After turning on his phone after an eight-day trip without reception, Layton Keddy was shocked to see his face tackled on social media and listed by Victoria Police as a missing person.
The intrepid Canadian traveler set off on a 330-kilometer bike trip from Marysville to Omeo in the Victoria High Country and told his family and friends he would be out of touch for the next two weeks.
“I told my colleague that I couldn’t reply to his messages, but he just didn’t think it was possible to travel without reception for eight days,” he says.
Mr Keddy’s co-worker contacted his mother in Canada, then contacted Victoria Police to report him as missing.
“My mother is generally calm and collected, but she started to think, ‘Am I the naive mother who doesn’t realize my son is actually missing in Australia? Mr. Keddy said.
Mr Keddy first realized something was wrong when he walked into the small town of Woods Point and caught the attention of locals.
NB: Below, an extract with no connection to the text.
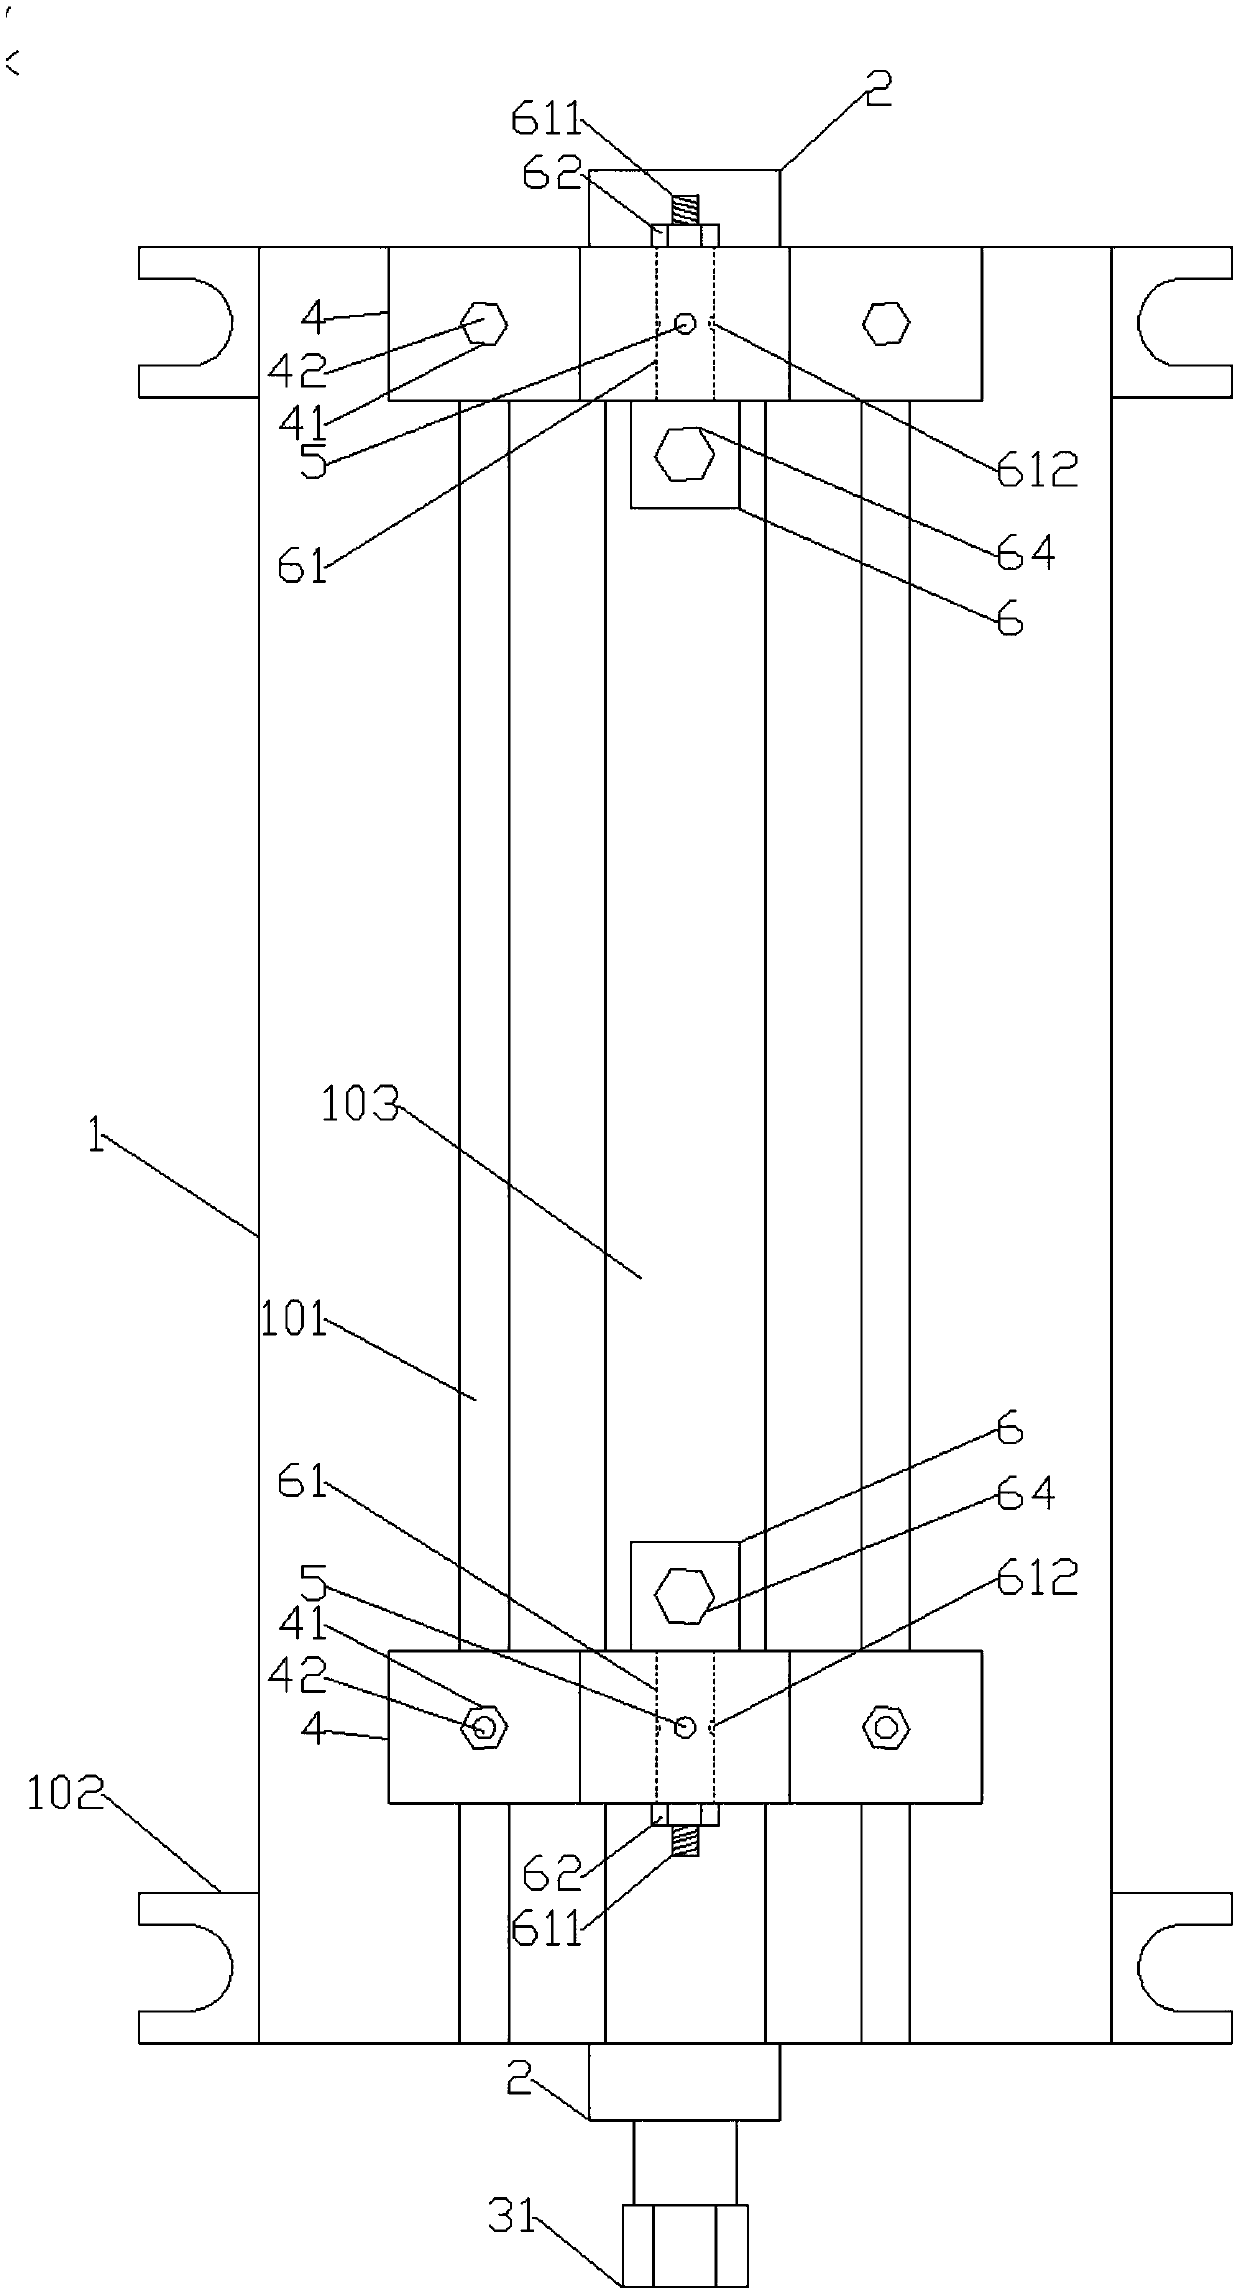 A multi-angle processing jig for bone plate

“Everyone was pointing at me, then the police came. They knew my name and I was like, ‘uh oh… what have I done now?’ “
His mother Betty Keddy was delighted to have discovered that her son was alive and well.
“I wasn’t worried about him initially… because it’s very common for him to be out of service for weeks at a time,” she said.
“As time went on and Layton got more experienced with traveling, I learned he was fine.
“But I admit I used to have little panic attacks while waiting for him to check in with me,” she says.
Mr Keddy said one of the main reasons he enjoyed being in remote parts of Australia was that he could disconnect from the world and really feel in the moment.
“It’s part of the call,” he says.
“I like it more if there is a minimum of distraction.”
After checking in with his relatives back in Canada, Mr Keddy continued the remainder of his trip and eventually made it to Omeo, where he had another encounter with the police.
Steep and isolated terrain
Senior Constable Diane Bloom recognized Mr. Keddy from the missing persons report.
“I stopped Layton on the side of the road because I recognized him in the photos,” she says.
“I wasn’t worried about him because he had been found a few days before, but I just wanted to understand where he was going because I’m a bit of a cycle tourist myself,” said Constable Bloom.
“We had a rescue the week before in one of the difficult areas he was heading to… so I wanted to give him some local knowledge.
“It is not uncommon for people to go missing in our region… the terrain in our part of the world is very steep and isolated.”
In the past two years, four people have gone missing within a 60 kilometer radius in the Victoria High Country.
Luckily, Mr. Keddy is back on his bike and traveling the back roads to ACT with minimal phone signal. Just the way he likes it.